Part 2: My 4 month journey about Keto diet with Intermittent Fasting (OMAD)

If you did not read part 1 of my journey to weight loss with Keto diet with Intermittent Fasting OMAD: You can always go back with this link and read it: Part 1

                        My food pyramid of the future

I completely eliminated bread, rice, pasta, potatoes, cereals, cookies, etc.

I ate a ton of salmon, tuna, olives, avocados, spinach, shellfish and cheese. 
A ton means that my normal meal would be 400 grams of Salmon, fried (that's a lot of salmon, but I wanted to feel satisfied). 120 grams of spinach (that's a ton of spinach too). A lot of olives (easily 150 grams of olives) or 1 avocado. Cheese to give flavor to my salmon salad. And olive oil, around a large spoon (a spoon is 15 grams, so that's 140 calories in olive oil alone).

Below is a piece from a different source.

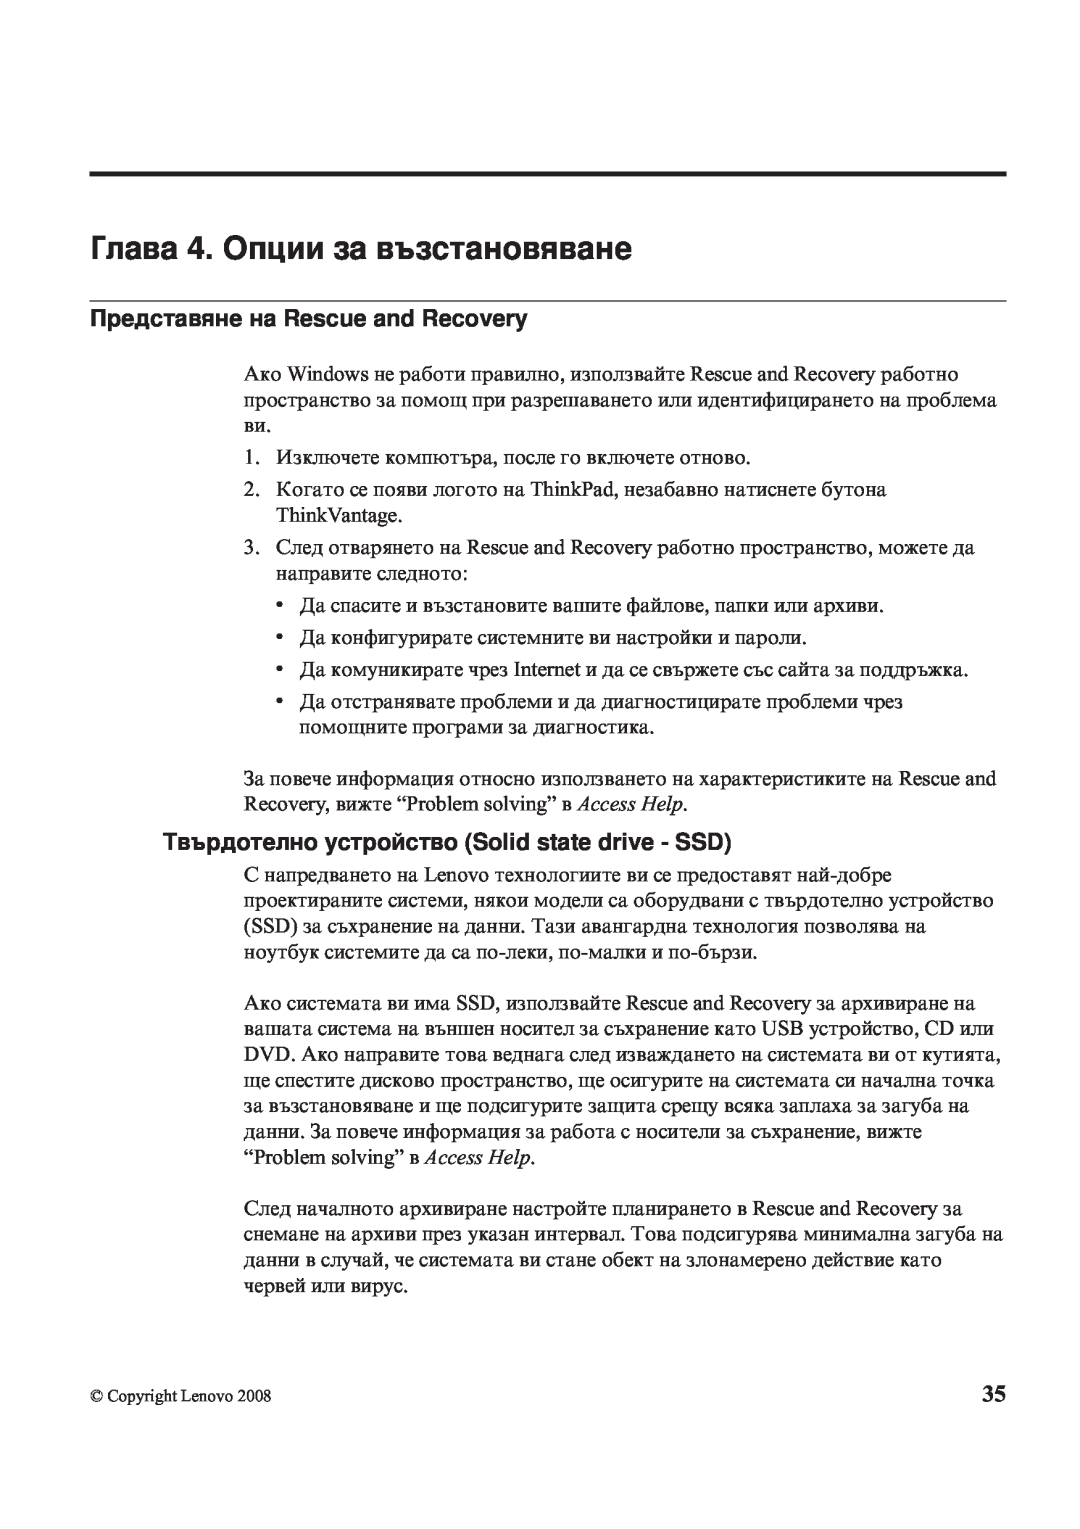 Lenovo X200 manual Глава 4. Опции за възстановяване, Представяне на Rescue and Recovery

So basically, my only source of carbs was spinach. I barely ate fruits either. Bananas and pineapples have a lot of sugar. However I did eat blueberries some times (they have the lowest sugar %).

Again, I would eat so much of this stuff that I could simply not eat any more.

I did not eat dairies either. Most yogurts have very high amounts of sugars. Those with "low fat" are the worst. You should also reconsider your approach to low fat milk. If you want milk… consider the normal fat variety.

When in restaurants, I ordered fish and would remove the sauce. The good thing about fish is that you know what you are eating. With sauces you don't. If we went to a burger restaurant, order the burger with cheese and bacon but not eat the bun or the fries. In a japanese restaurant, sashimi. In an italian restaurant, whatever chicken parmiggiano they had without pasta.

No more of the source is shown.